Congressional Republicans will pick a new Congressional Budget Office (CBO) director when current CBO chief Douglas Elmendorf's current term is up next year, according to a report by Bloomberg Politics' Dave Weigel.
I was critical of the way CBO's scores were used over the years, but overall I thought Elmendorf was a good steward of the institution and a steady hand in a turbulent time. He wasn't a conservative economist in the political sense, but he was to some extent a small-c conservative in the way he ran the agency—unwilling to adopt novel economic theories because of their political convenience, and he was willing to incorporate the best evidence regardless of its potential political implication. In particular, the CBO under Elmendorf was reluctant give Obamacare credit for largely untested savings mechanisms, and later was quite blunt about the limited evidence that many experimental Medicare savings programs would work.
Having taken the majority in both chambers of Congress this fall, Republicans are well within their rights to pick a new budget office director, and there are more than a few potentially qualified candidates who have traditionally aligned with the GOP. I'll be interested to see who gets the nod.

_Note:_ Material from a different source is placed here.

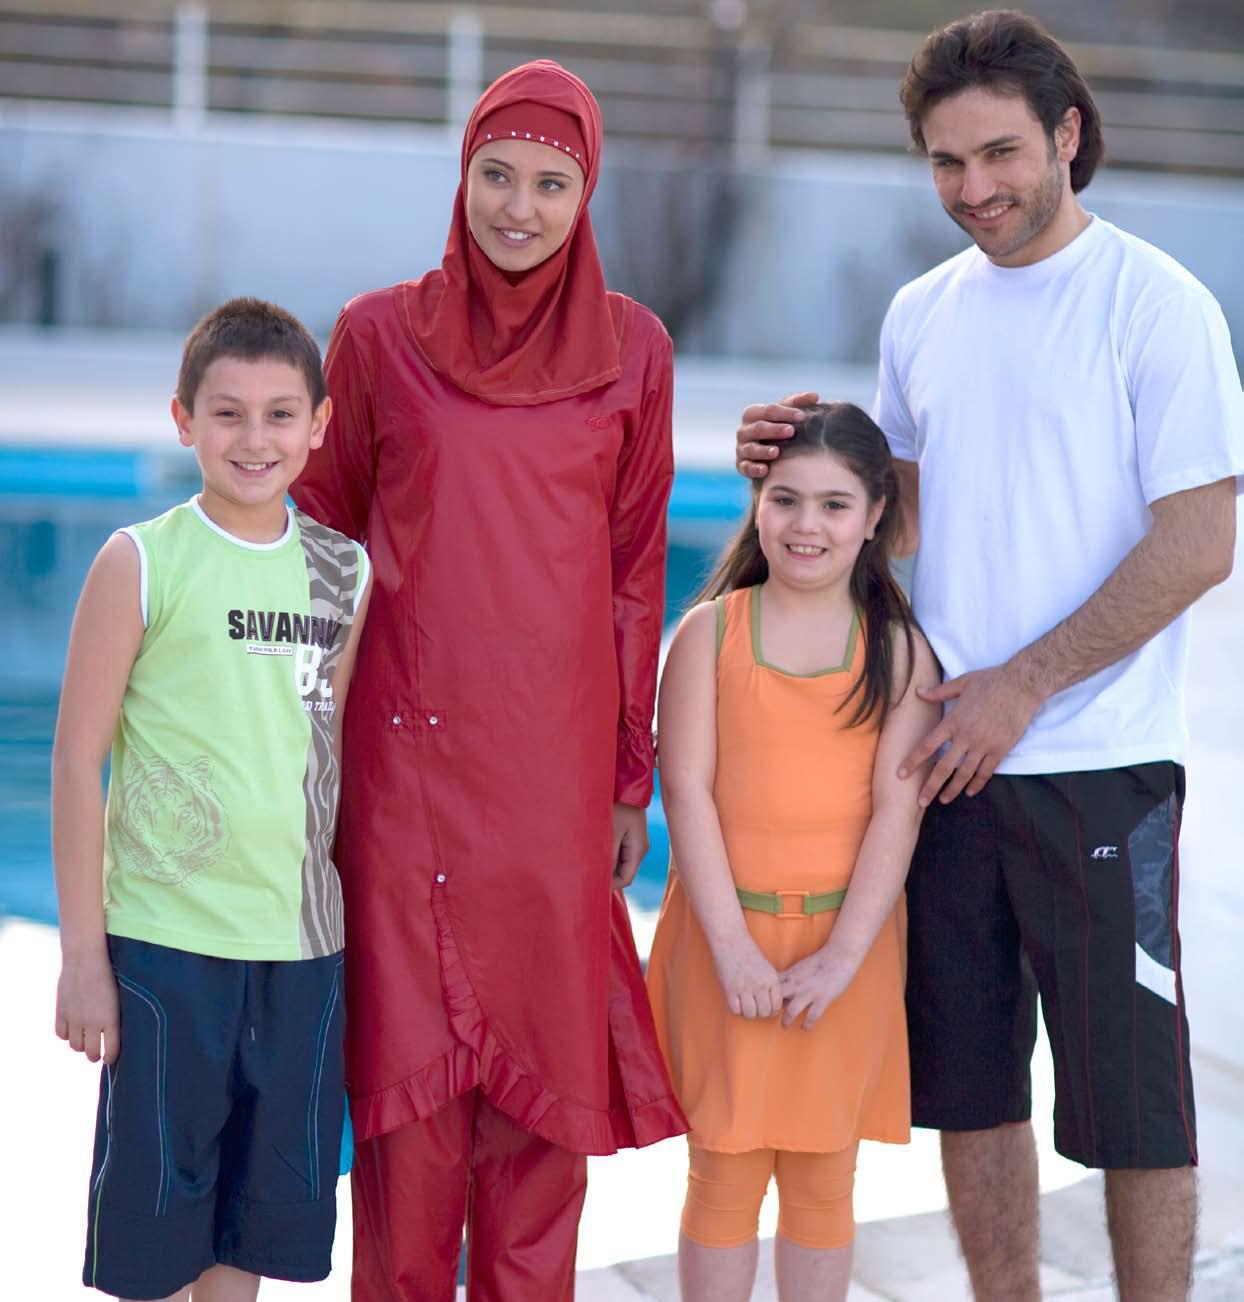 6. Potongan pakaian juga harus terkait dengan celana dari dalam, jadi tak akan terangkat saat perempuan berenang.
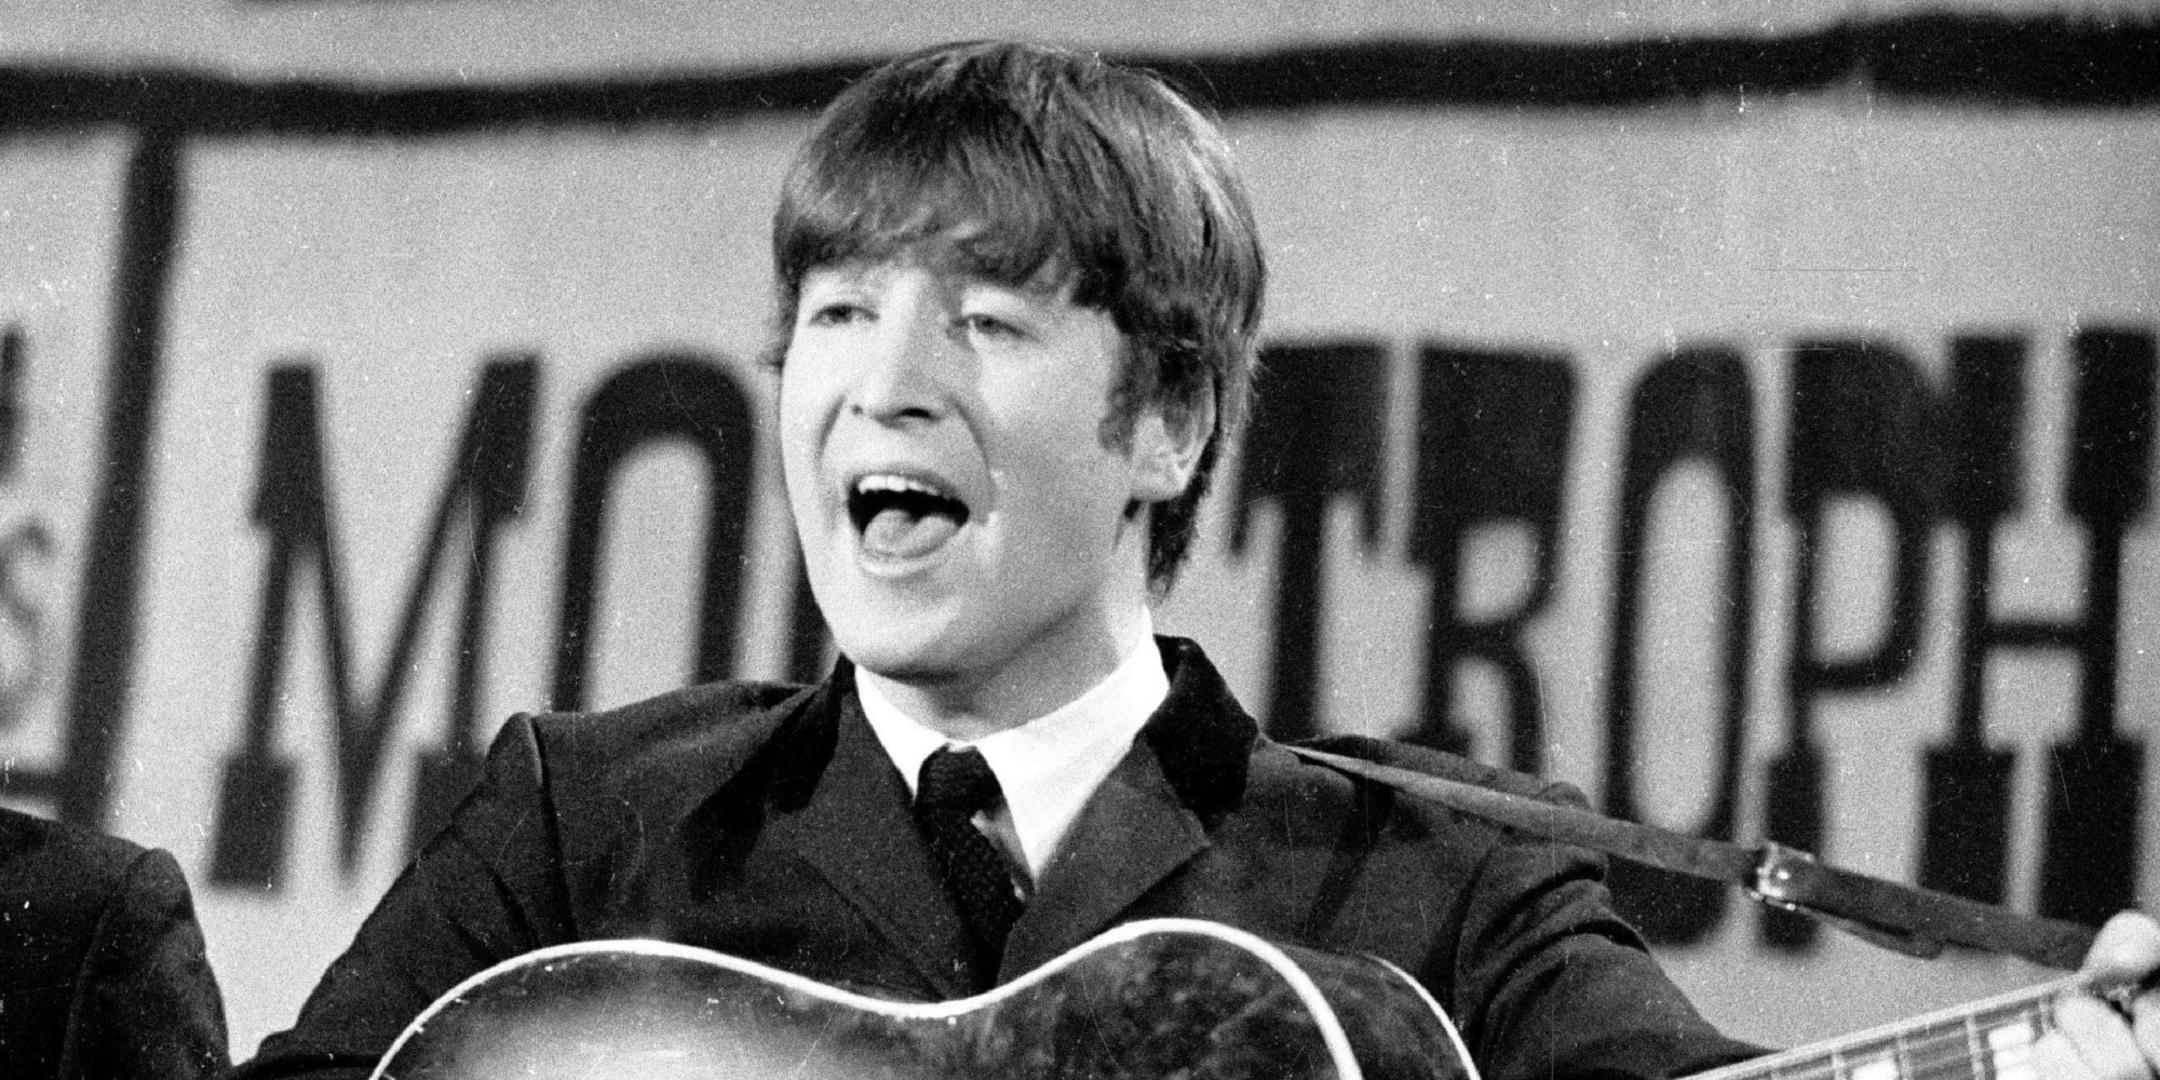 John Lennon For Desktop

What I hope, however, is that Republicans in Congress don't get too invested in the prospects of radically changing the CBO's budget analysis through dynamic scoring, which deals with economic ripple effects, in particular, the way that tax changes affect growth in the rest of the economy. Dynamic effects are real—policy changes do have complex downstream effects on economic activity—but the CBO has looked at dynamic scoring before, under Republican leadership, and found that the modeled effects are generally very small. And as Bloomberg View's Christopher Flavelle reported earlier this month, several right-leaning former CBO directors remain cool to the idea.
Fundamentally, the push for dynamic scoring is a push to make tax cuts easier without having to worry about making commensurate cuts to government spending. Under the most exaggerated version of the supply side theory, tax cuts encourage so much economic growth that they produce enough additional tax revenue to pay for themselves all or most of the time, thus resulting in no impact on the deficit. In fact, this is rarely if ever true, and would almost certainly not be the case with today's tax rates. If Republicans want to reform the tax code and cut taxes in the process, they should be prepared to do the work of indentifying and making the case for real spending cuts to match instead of holding out hope that dynamic scoring magic from a new CBO director will help them avoid the responsibility.